YOUR ASSIGNMENT:
Every line below must be copied as written, except for pictures.

DATA EXTRACT:
^^^^^^^^^^^^^^^^
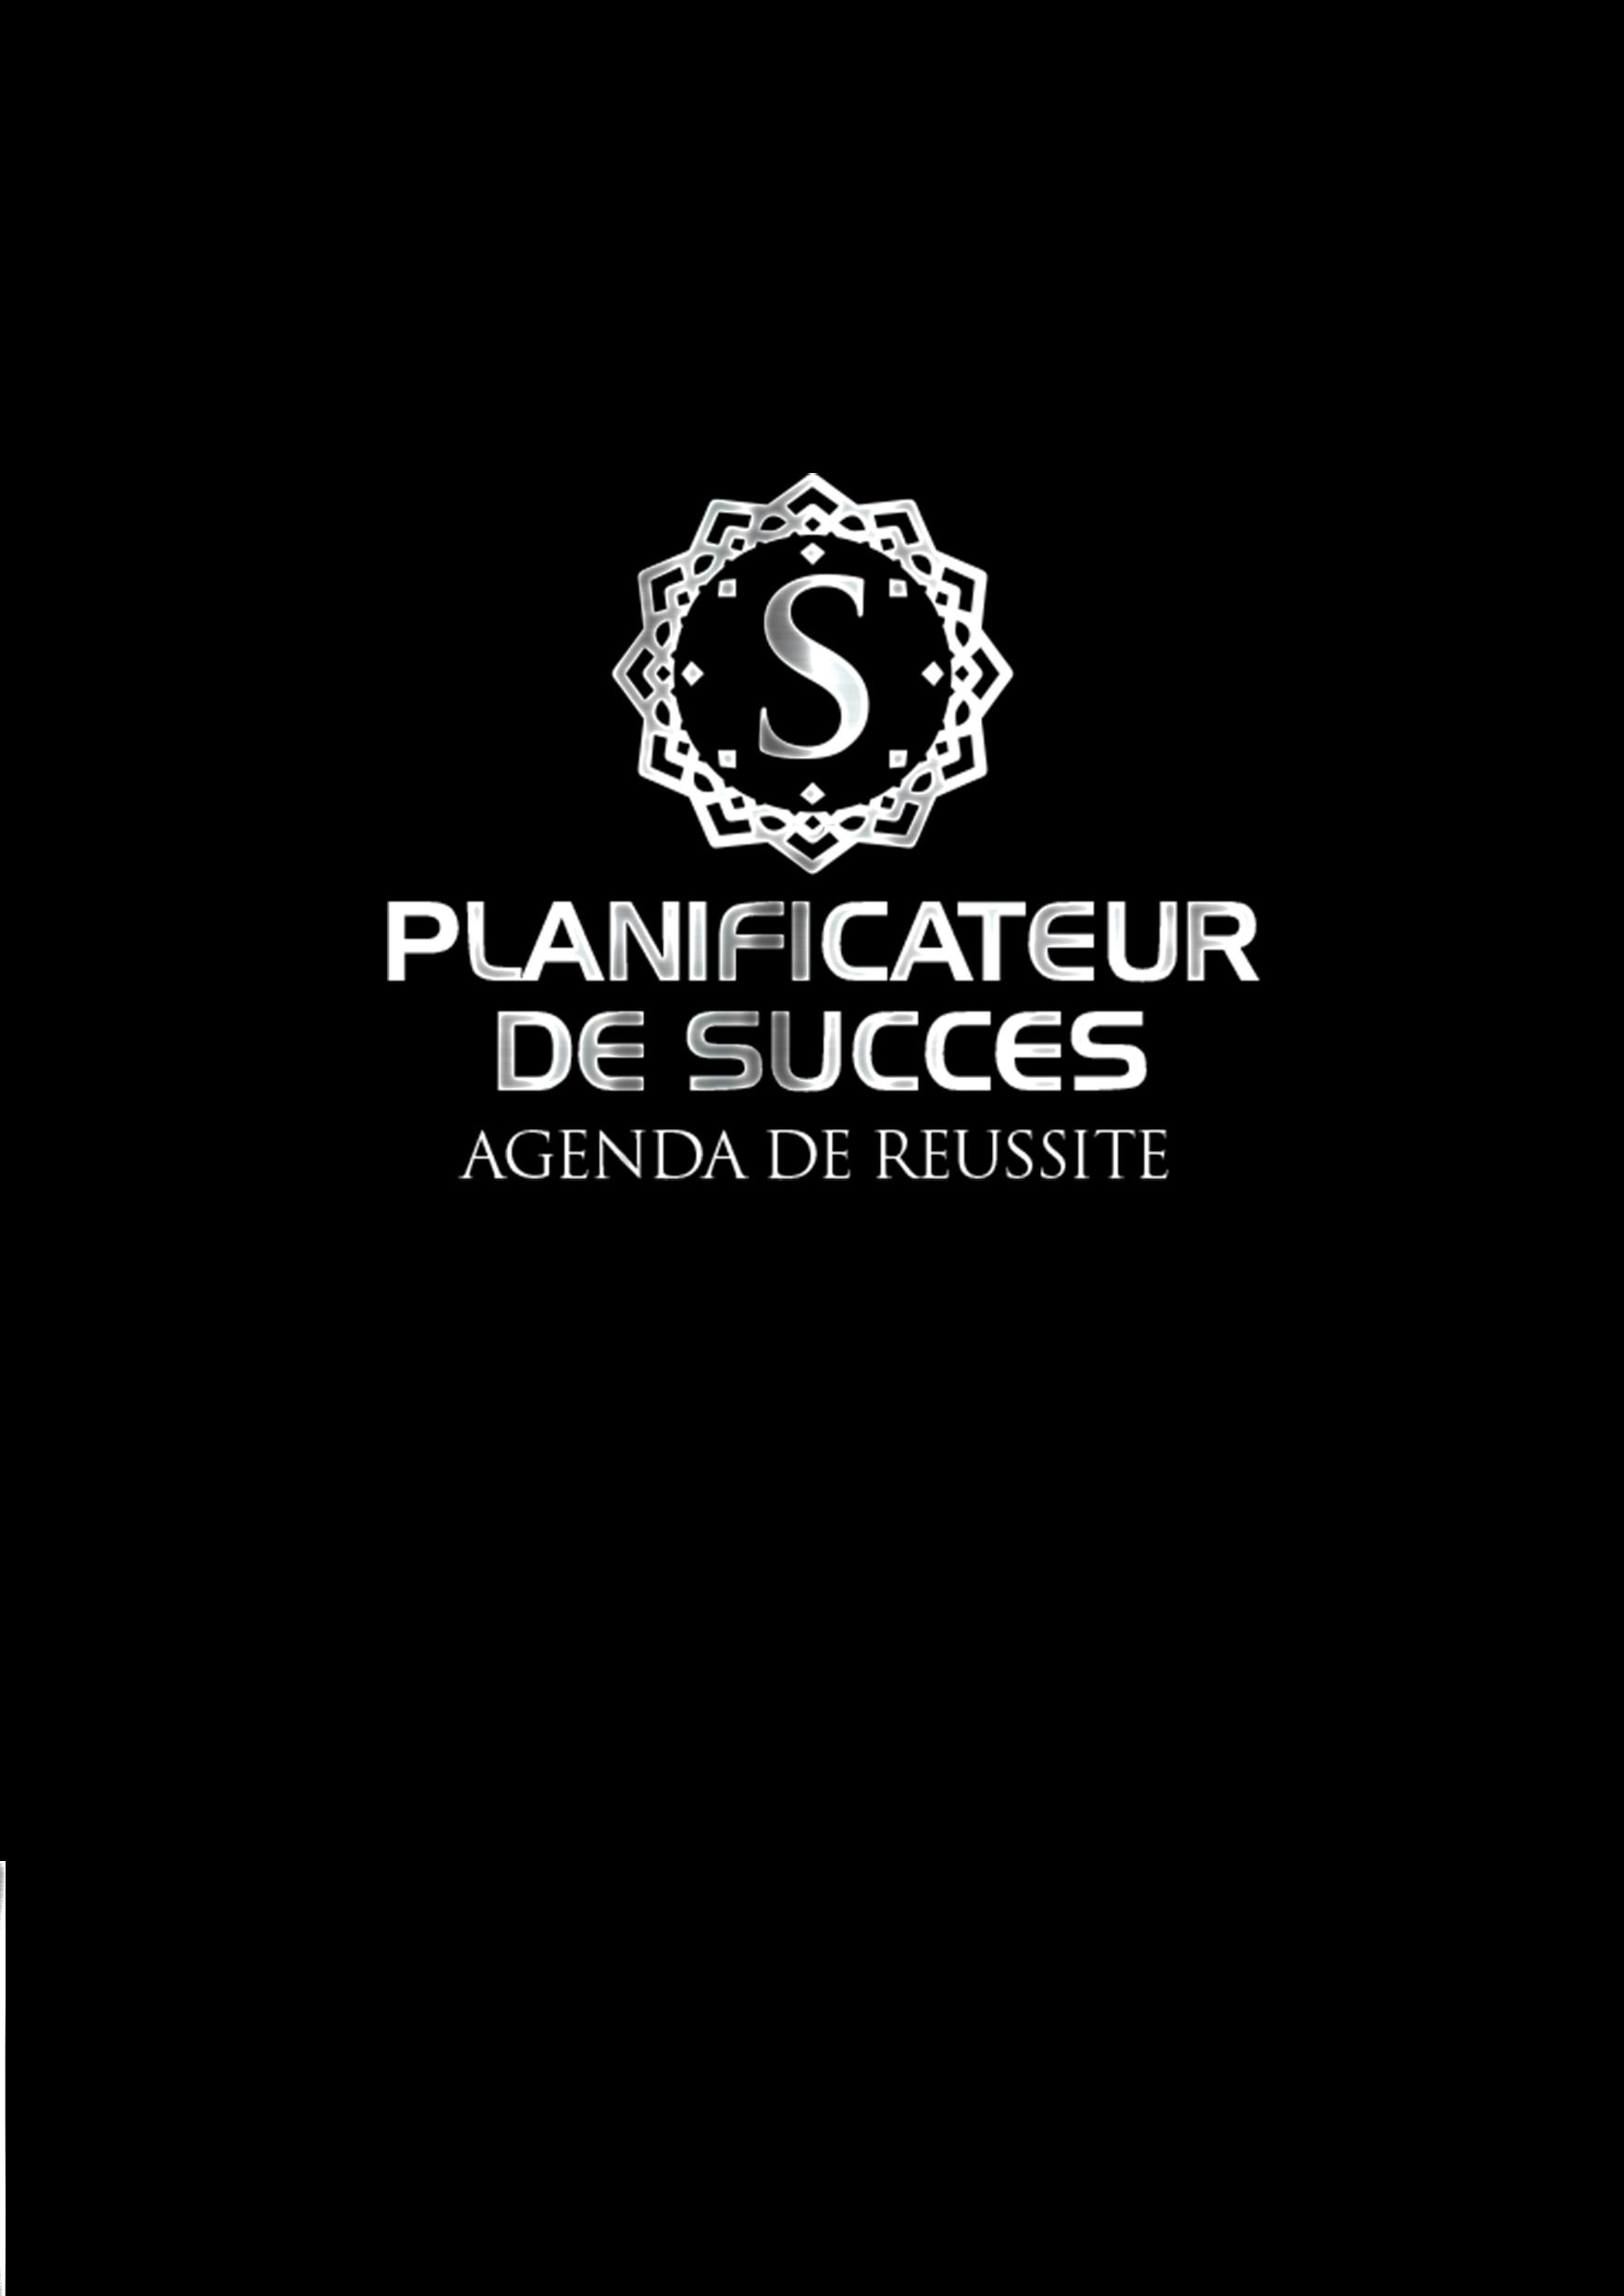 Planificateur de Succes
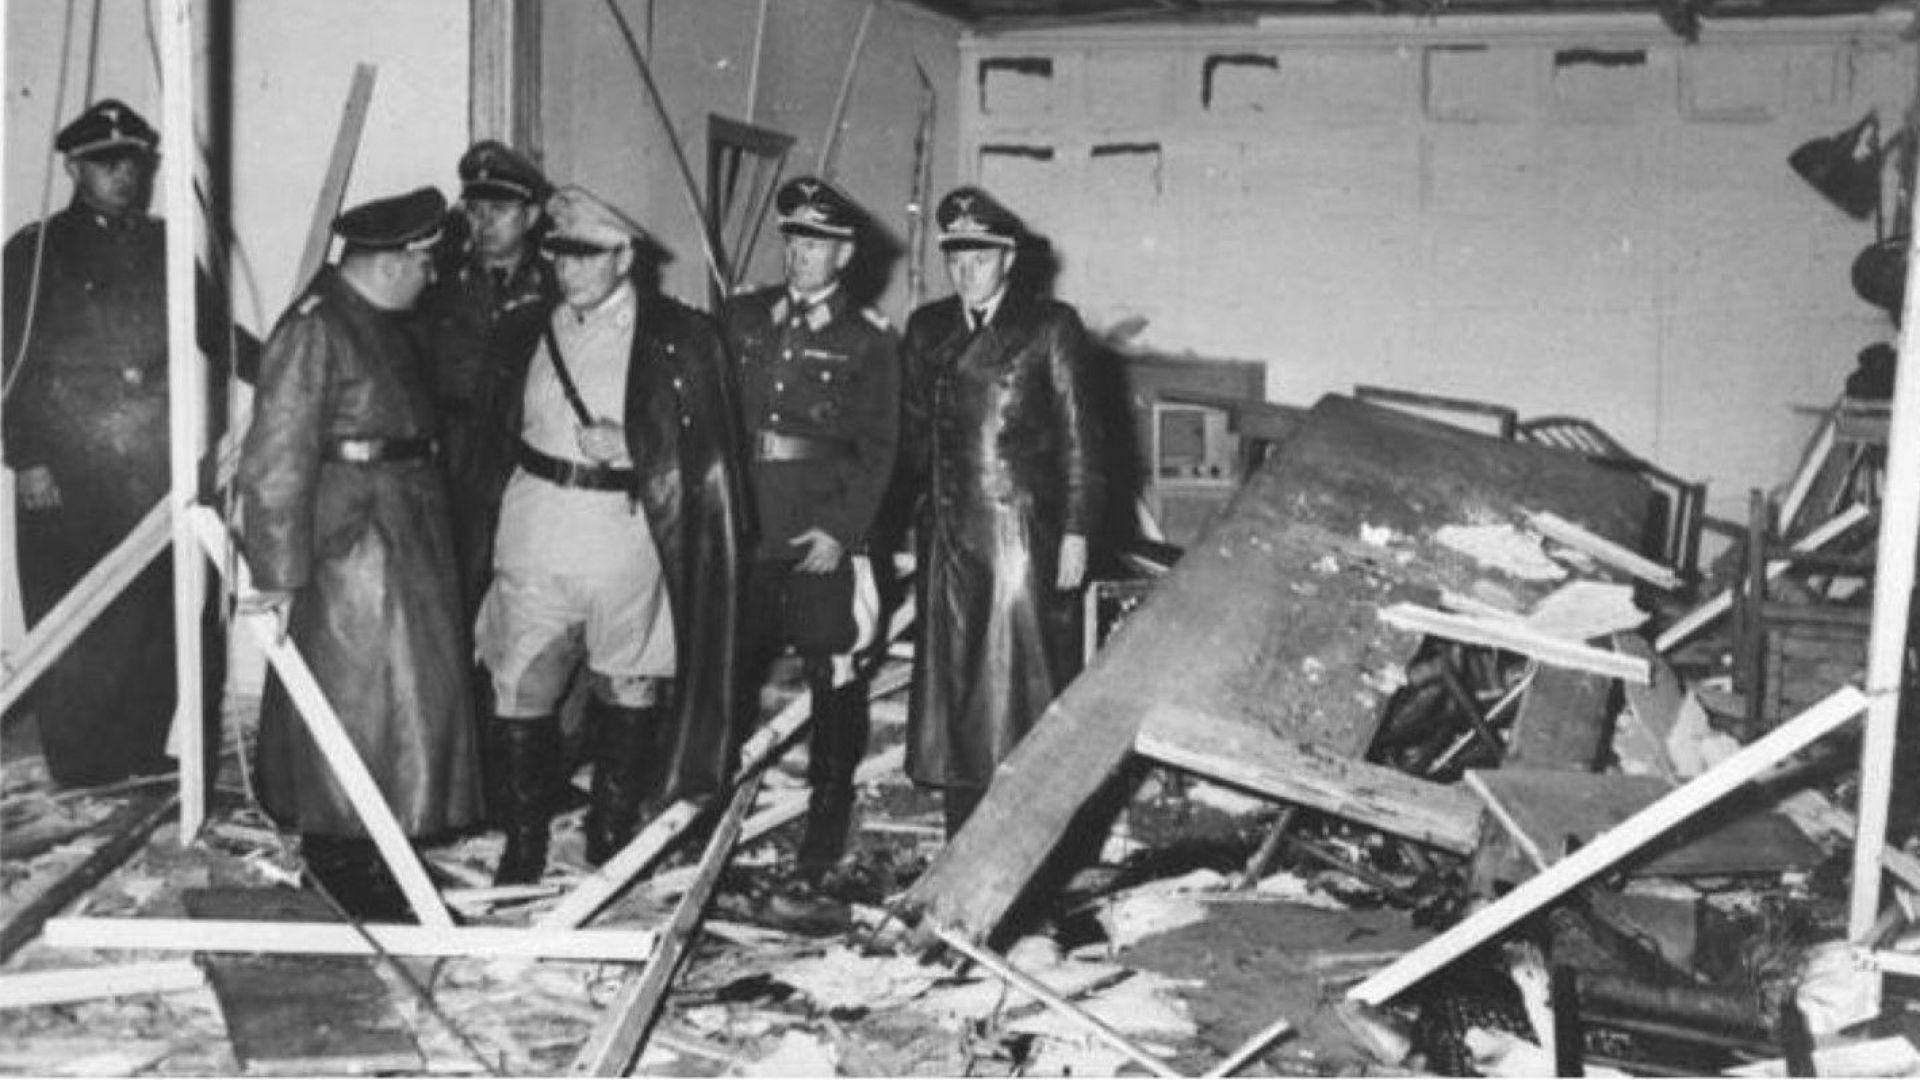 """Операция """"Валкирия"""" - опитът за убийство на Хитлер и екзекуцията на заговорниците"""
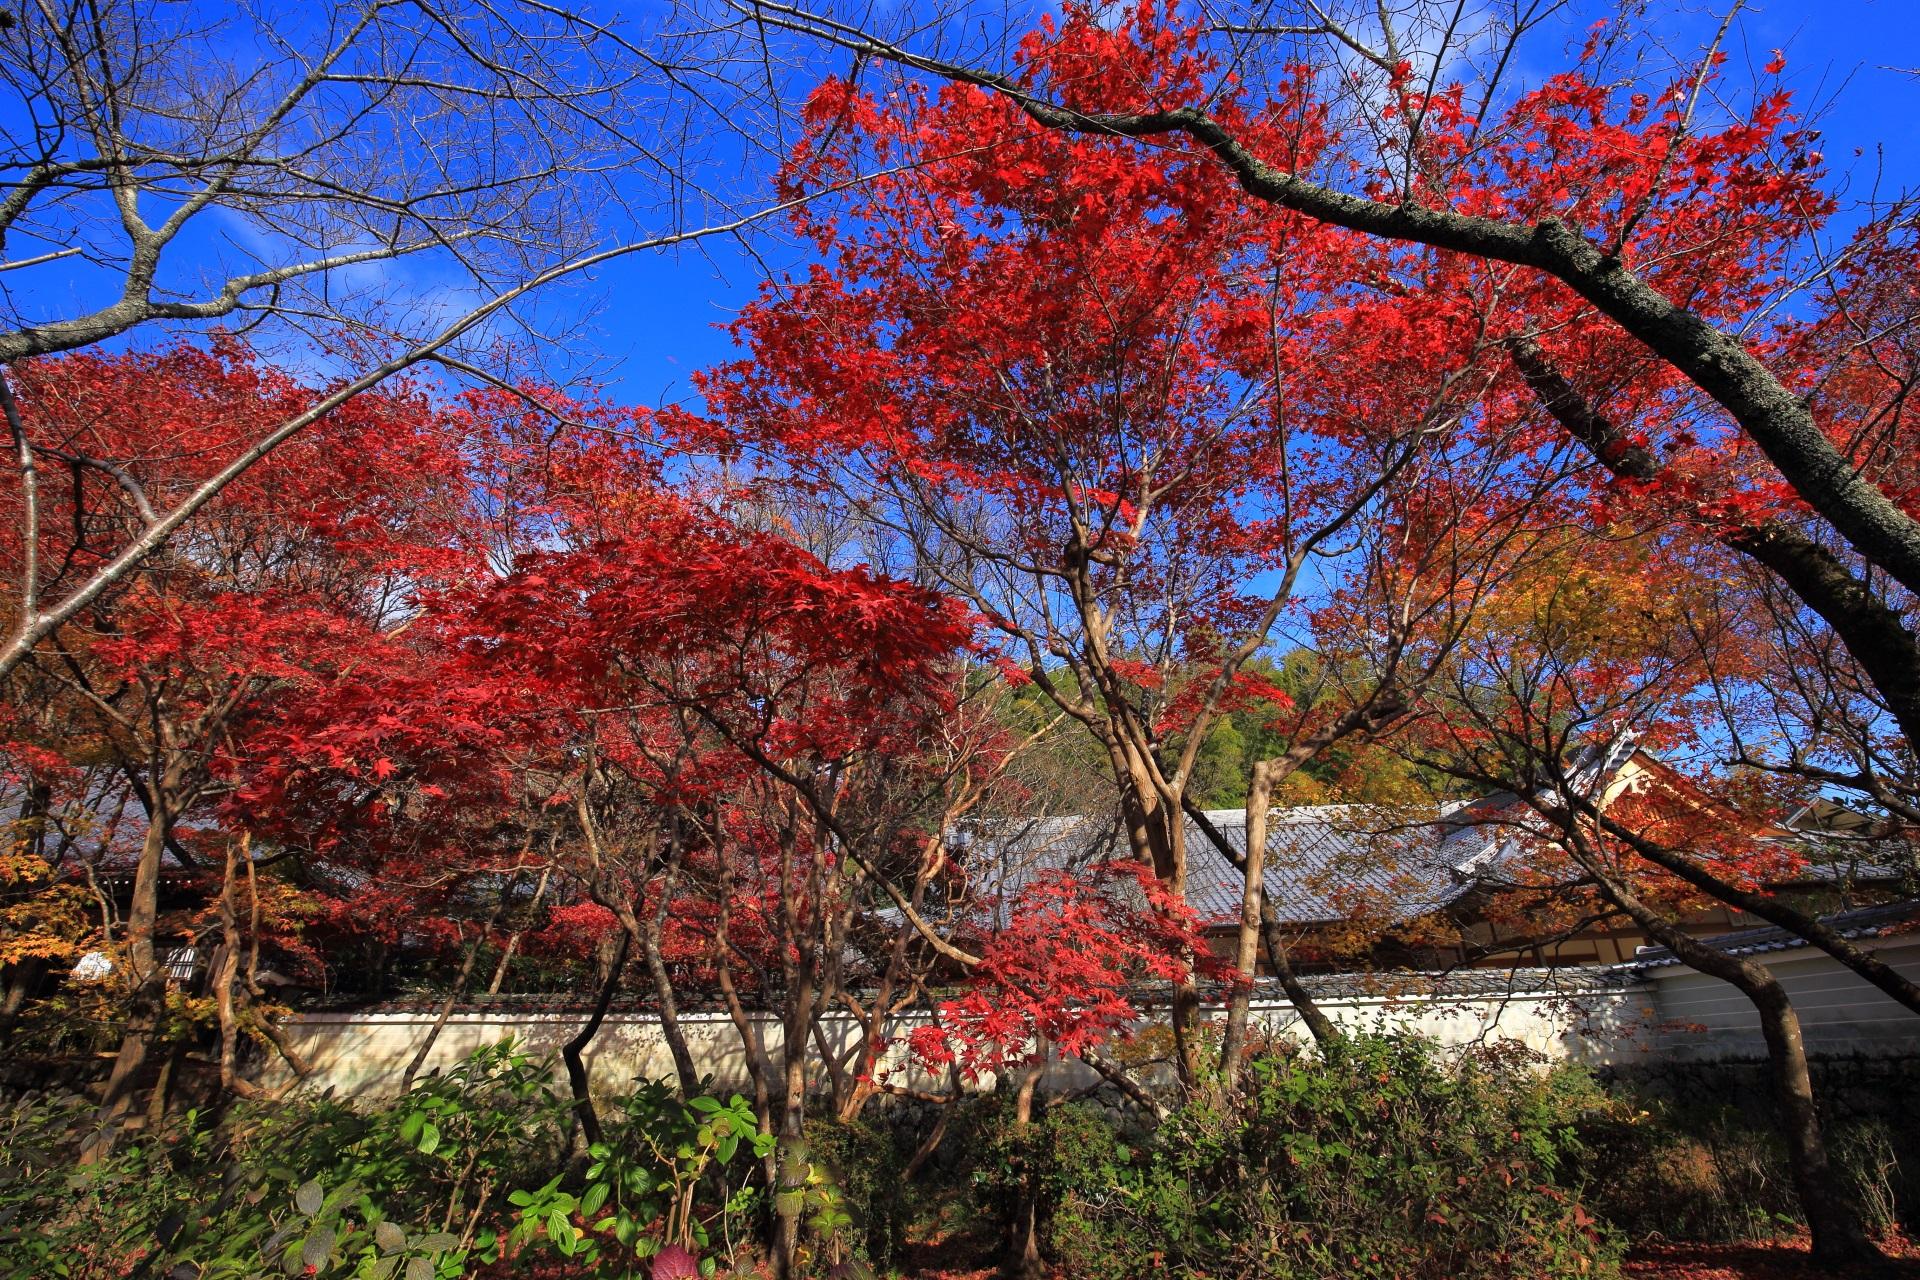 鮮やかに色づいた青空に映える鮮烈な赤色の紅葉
^^^^^^^^^^^^^^^^
ANSWER TO THIS EXERCISE:
 Planificateur de Succes
 """Операция """"Валкирия"""" - опитът за убийство на Хитлер и екзекуцията на заговорниците"""
 鮮やかに色づいた青空に映える鮮烈な赤色の紅葉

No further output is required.